Problem: Currently information about tables we have in production are scattered (e.g. list of private tables) or non-existent (asking questions on "what is pif_edits table and what it's been doing in our production?"). This is also hindering our ability to automate more work (between-replicas comparison checks, over-arching drift tracking, etc. etc.).
Proposal: Introduce a file in puppet containing information on tables. Something like this:
version: 1 tables: - name: abuse_filter source: abusefilter canonicality: canonical visibility: partially public - name: urlshortcodes sections: - x1 dbs: - wikishared source: urlshortener canonicality: canonical visibility: public - name: flaggedtemplates dblist: flaggedrevs.dblist status: dropped canonicality: partially canonical visibility: public sources: abusefilter: - path: extensions/AbuseFilter/db_patches/tables.json gerrit: https://gerrit.wikimedia.org/r/plugins/gitiles/mediawiki/extensions/AbuseFilter/+/refs/heads/master/db_patches/tables.json
Then this could become the foundation for many usecases and replacing ad-hoc table listings.

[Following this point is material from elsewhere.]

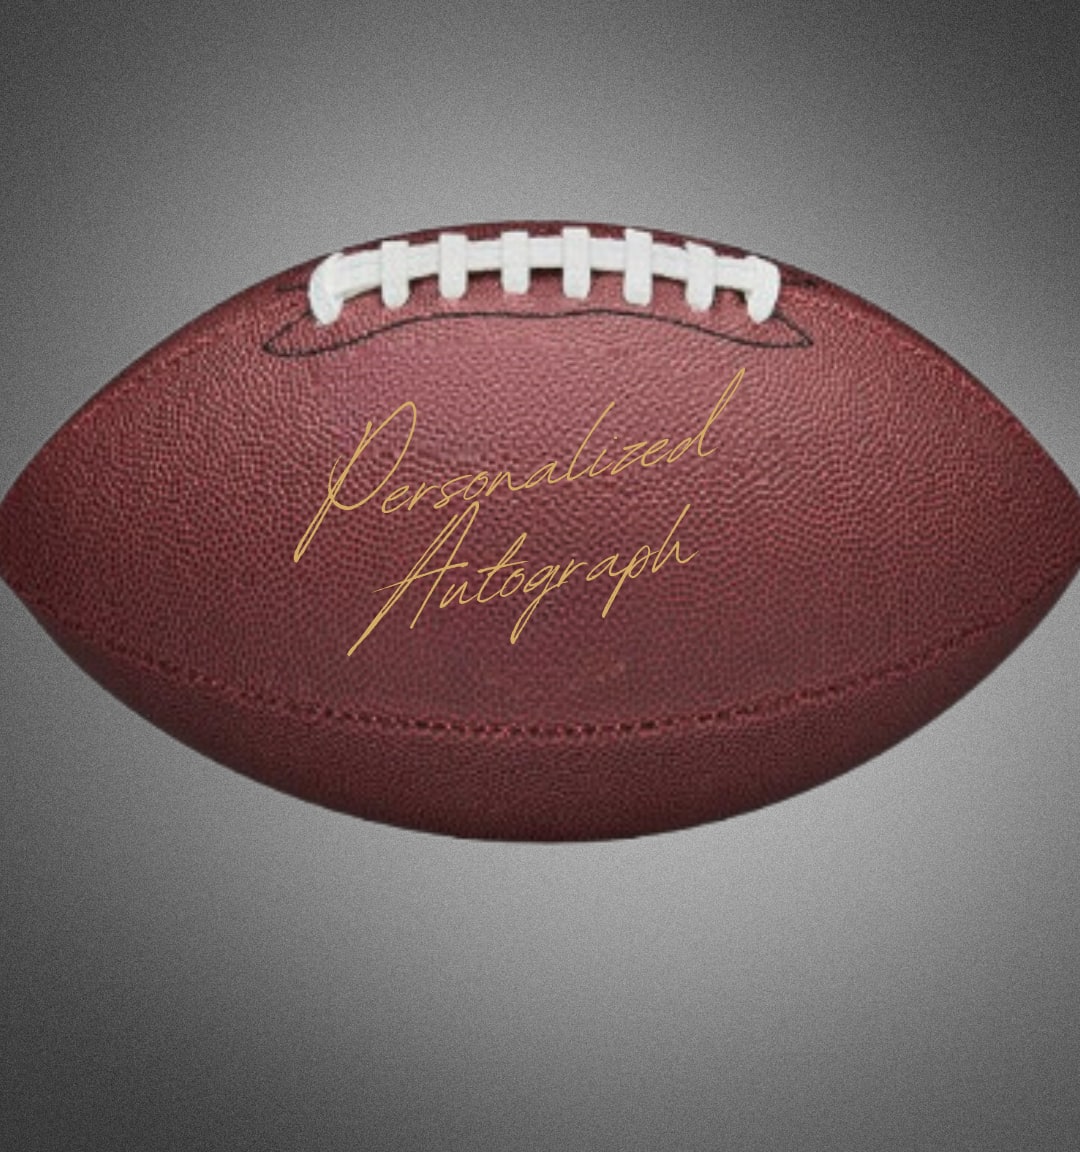 Limited Edition Adger Armstrong Autographed Football

It also could be easily pull in to doc.wikimedia.org hosts and served in a more user-friendly way (search, filtering, all that jazz).
Notes:
- This will grow way too large, to avoid that:
- MediaWiki and non-MW tables should have their own catalogues. That way we can also start with mediawiki and then move forward with non-mw tables in a different dedicated file.
- We need a lot of defaults and if omitted, it means "the default". e.g. dblist = all, sections: s1-s8, db: wiki's db, status: active
- Part of reviewing and approving new tables should be adding the new table to the catalogue
Comments?